Securitisation is being held up as a Holy Grail of SME financing, but it is not going to happen until regulators and central banks talk the same language.
Mario Draghi is a fan of securitisation. At the rates meeting on June 5, the president of the European Central Bank not only cut interest rates, he backed these up with renewed forward guidance on interest rates and a series of measures of credit easing aimed at supporting lending to the non-financial sector.
Securitisation is being heralded as a potential remedy for many ills, specifically as the Holy Grail of SME funding. With a touch of asperity, in the discussion after the rates announcement Draghi said: “We are working on the ABS, but you know there are also other actors that would have to work on this, namely there has to be a re-visitation of the regulation that had been introduced in the past few years about ABS to eliminate some of the undue discriminations towards this specific product.”
What the ECB is trying to do is to drive down the cost of the AAA component of the transaction. If that happens, then the all-in cost of selling the mezzanine and equity tranches becomes much more affordable.
Securitisation is not only one of the more expensive assets, and not just in spread terms, but it is operationally intensive. It is this that makes it significantly less appealing than other forms of funding. This is as true from an investor point of view as it is from an issuer perspective. Securitisation is not an asset class that investors can decide to invest in without expensive infrastructure.

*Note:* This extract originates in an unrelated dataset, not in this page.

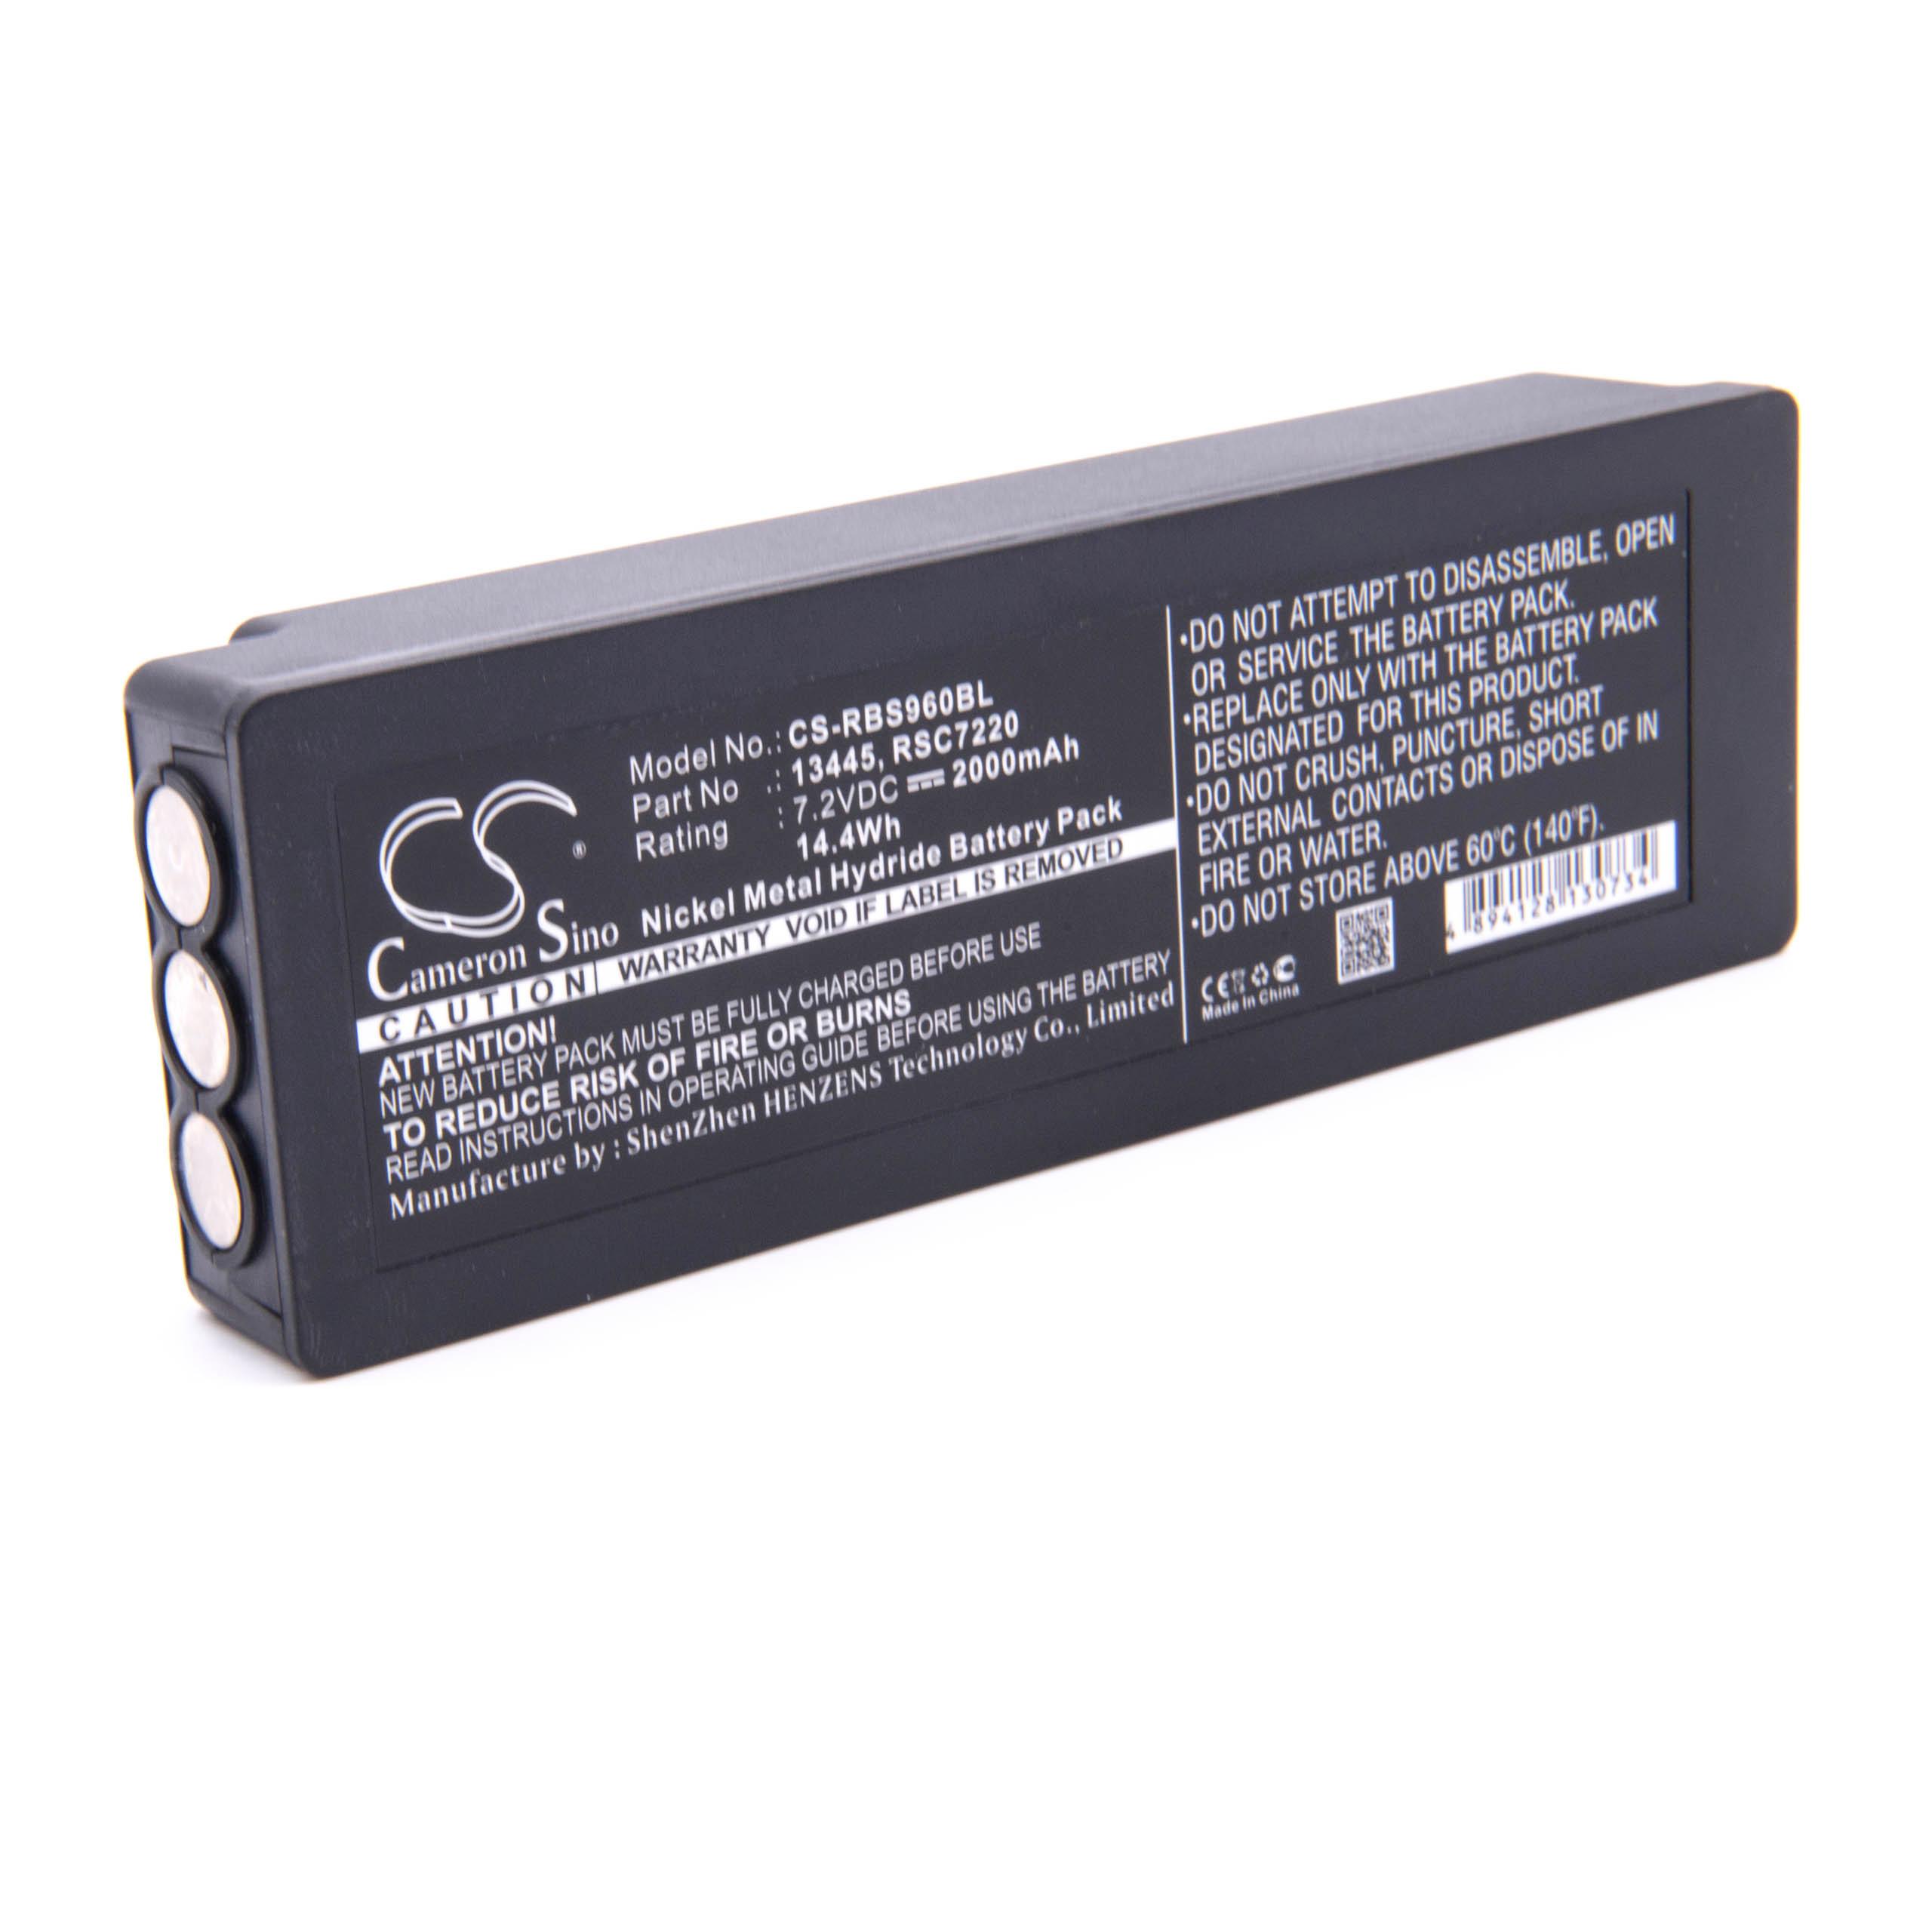 Batterie remplace Palfinger Scanreco 1026, 16131, 13445 pour télécomande industrielle - 2000mAh 7,2V NiMH
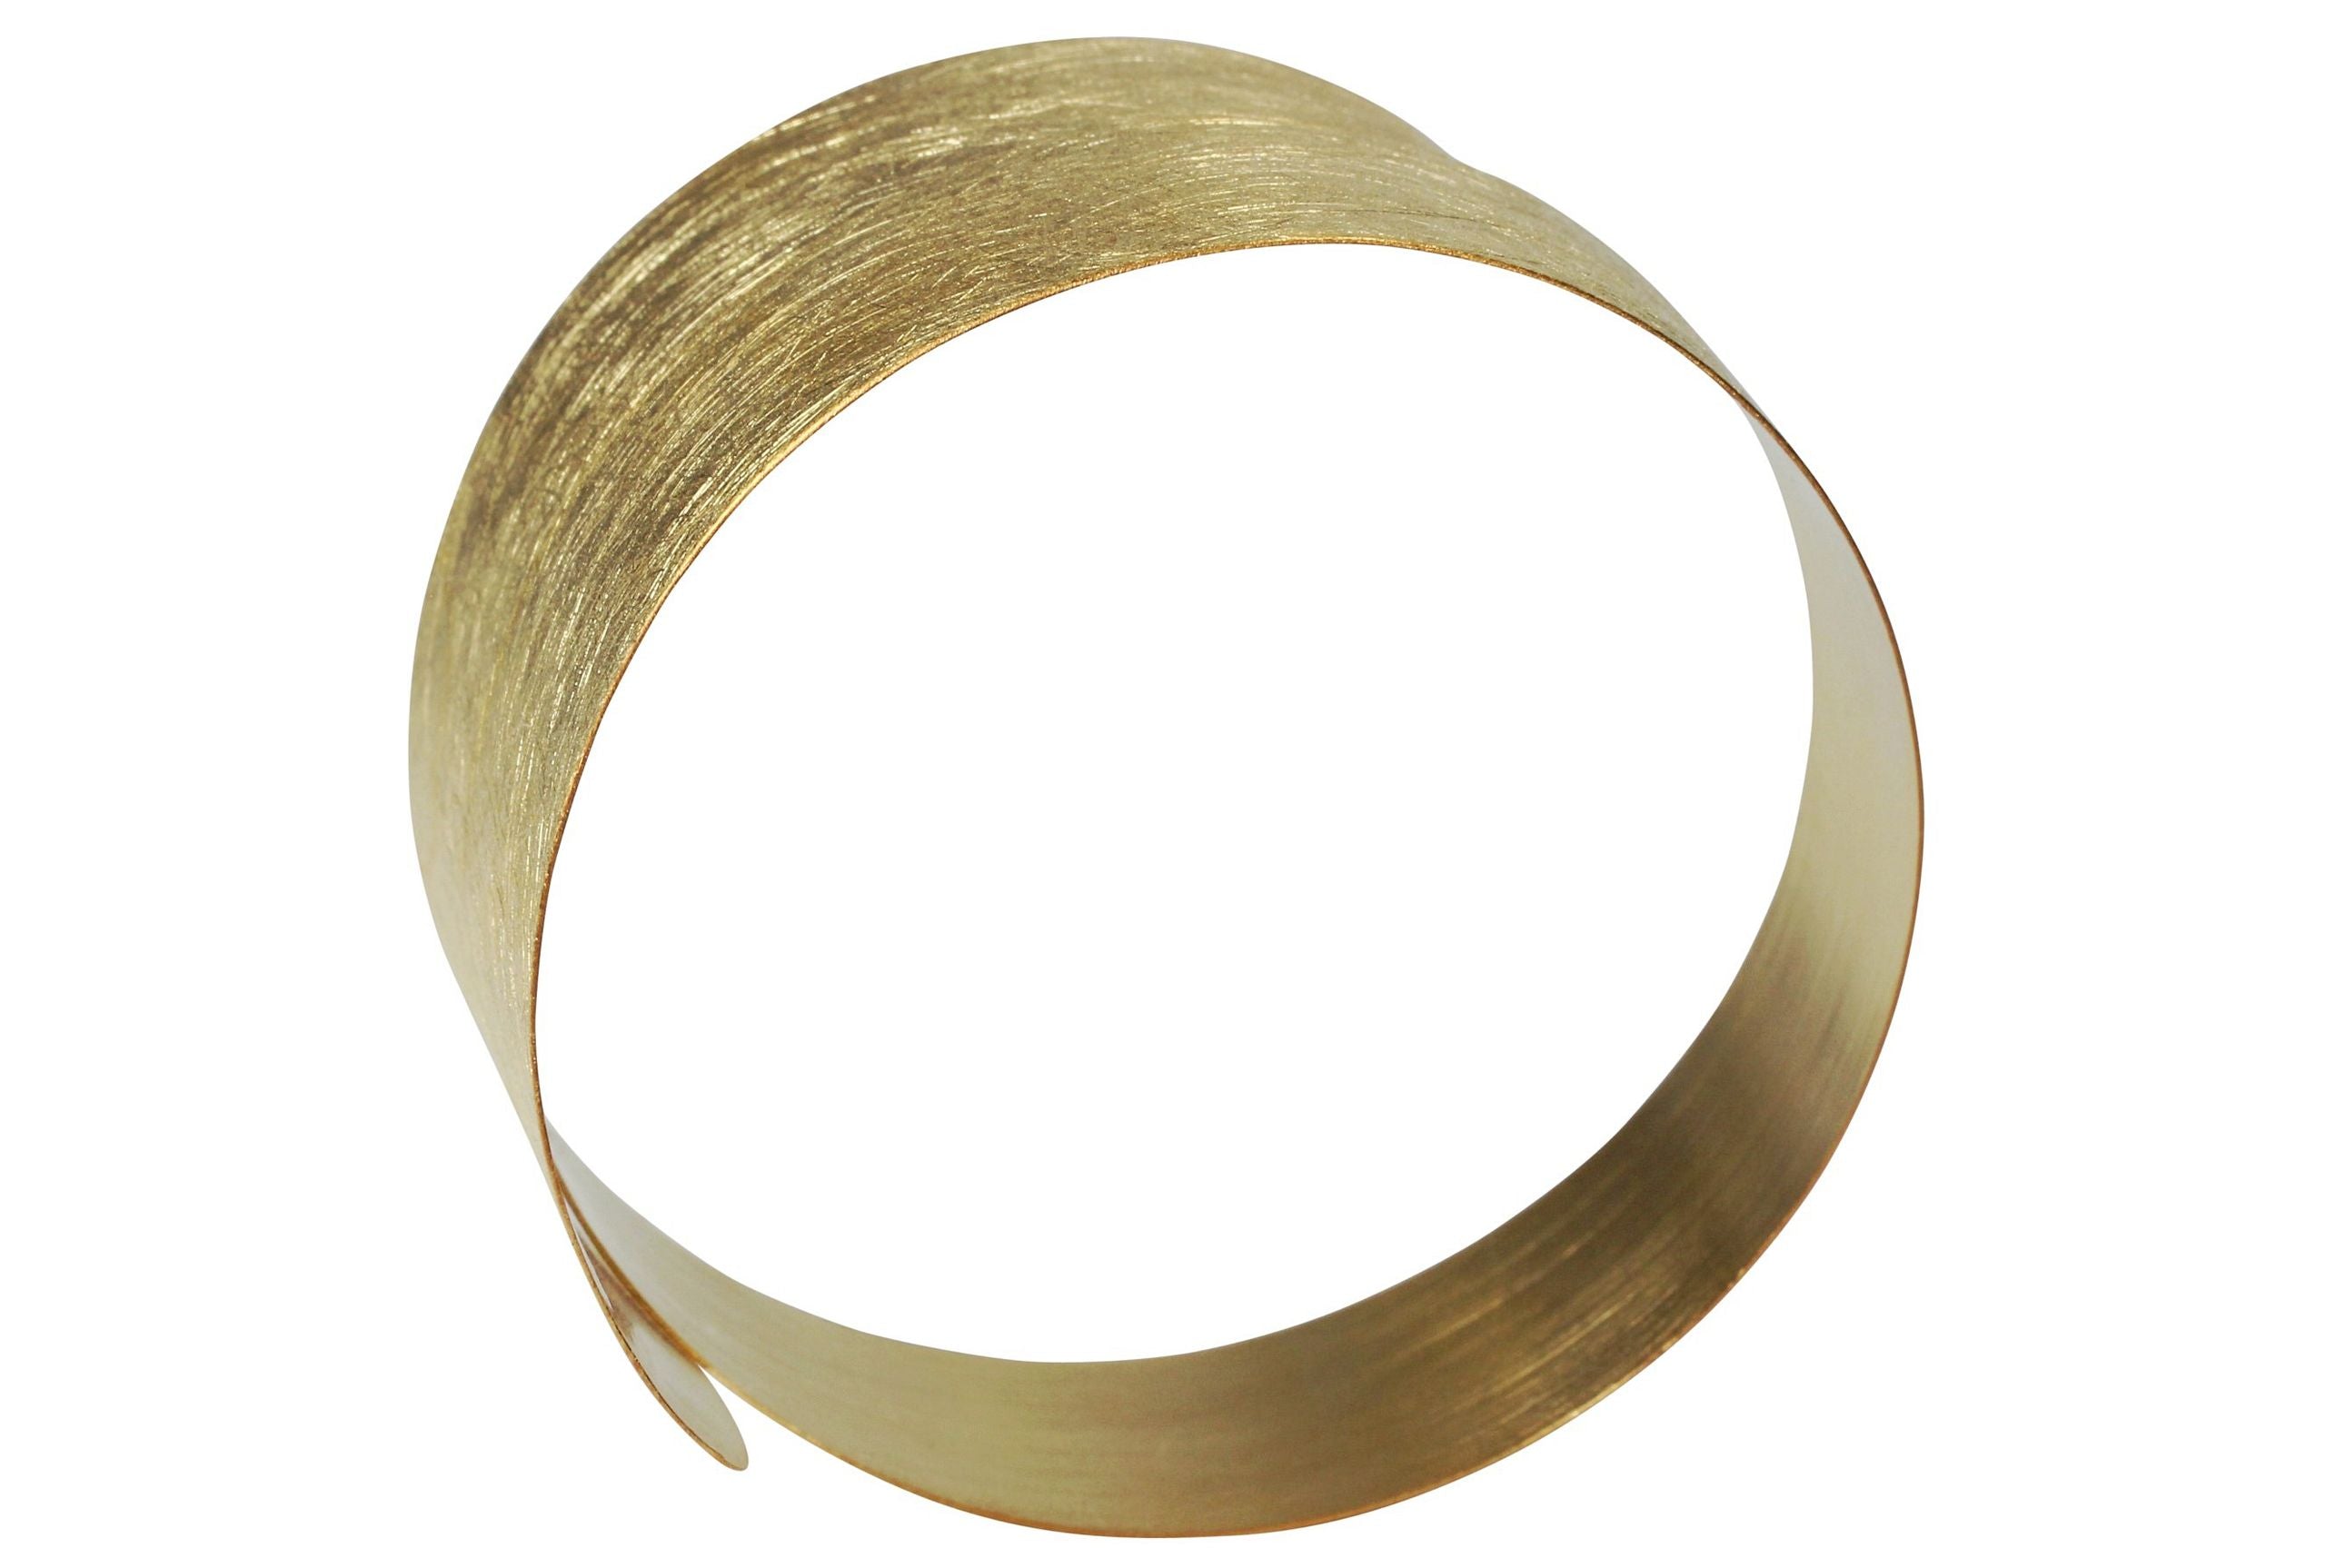 Armreif für Damen aus Silber mit vergoldeter Oberfläche. Der Armreif ist spiralförmig und flexibel.

Draghi is right to take aim at other actors, specifically Solvency II, the stringent capital-adequacy rules for insurers that will come into effect in 2015. They are significant, as insurers buy almost a third of securitisation paper.
These new regulations are generally seen as the biggest bete noir for securitisation as they demand so much capital against securitisations that it ceases to be attractive. AAA tranches will have a risk charge of 2.1%, while the tranches below – AA, A and BBB – will have weightings of 3%, 4% and 5% respectively. This is an improvement, almost by half, on the initial proposals, but still challenging.
That aside, scepticism still remains about how the ECB’s support for SME funding via securitisation might work in reality. Fitch has said that the changes will bring “little benefit to the largest and most active European securitisation markets”, while one banker calls Draghi’s plans “well intentioned, but inexcusably naïve”.
Certainly volumes are significantly down in 2014. The first quarter of the year saw €18.5bn of issuance in Europe, according to the Association for Financial Markets in Europe – a decline of 43.6% on the same period in 2013.
“These were post-crisis volumes to begin with. The securitisation market in Europe has become very modest,” said one banker.
Securitisation bankers point to the UK’s Funding for Lending, which was adopted by the Bank of England in 2012 and ended in December 2013. The scheme, which had similar aims, saw bank lending concentrated on mortgages while lending to SMEs continued to decline. Indeed, the FLS saw a collapse in bank issuance across RMBS, covered bonds and senior unsecured debt.
The challenge for the European banking sector at the moment, say bankers, is a lack of balance sheet capacity either as capital or leverage. This does make securitisation a unique tool. While all other forms of issuance provide funding, securitisation is the only one that provides funding, capital and leverage.
“Eventually, I hope that the ECB will get round to saying what it means – that banks should be encouraged to remove assets from balance sheet by securitisation,” said one banker.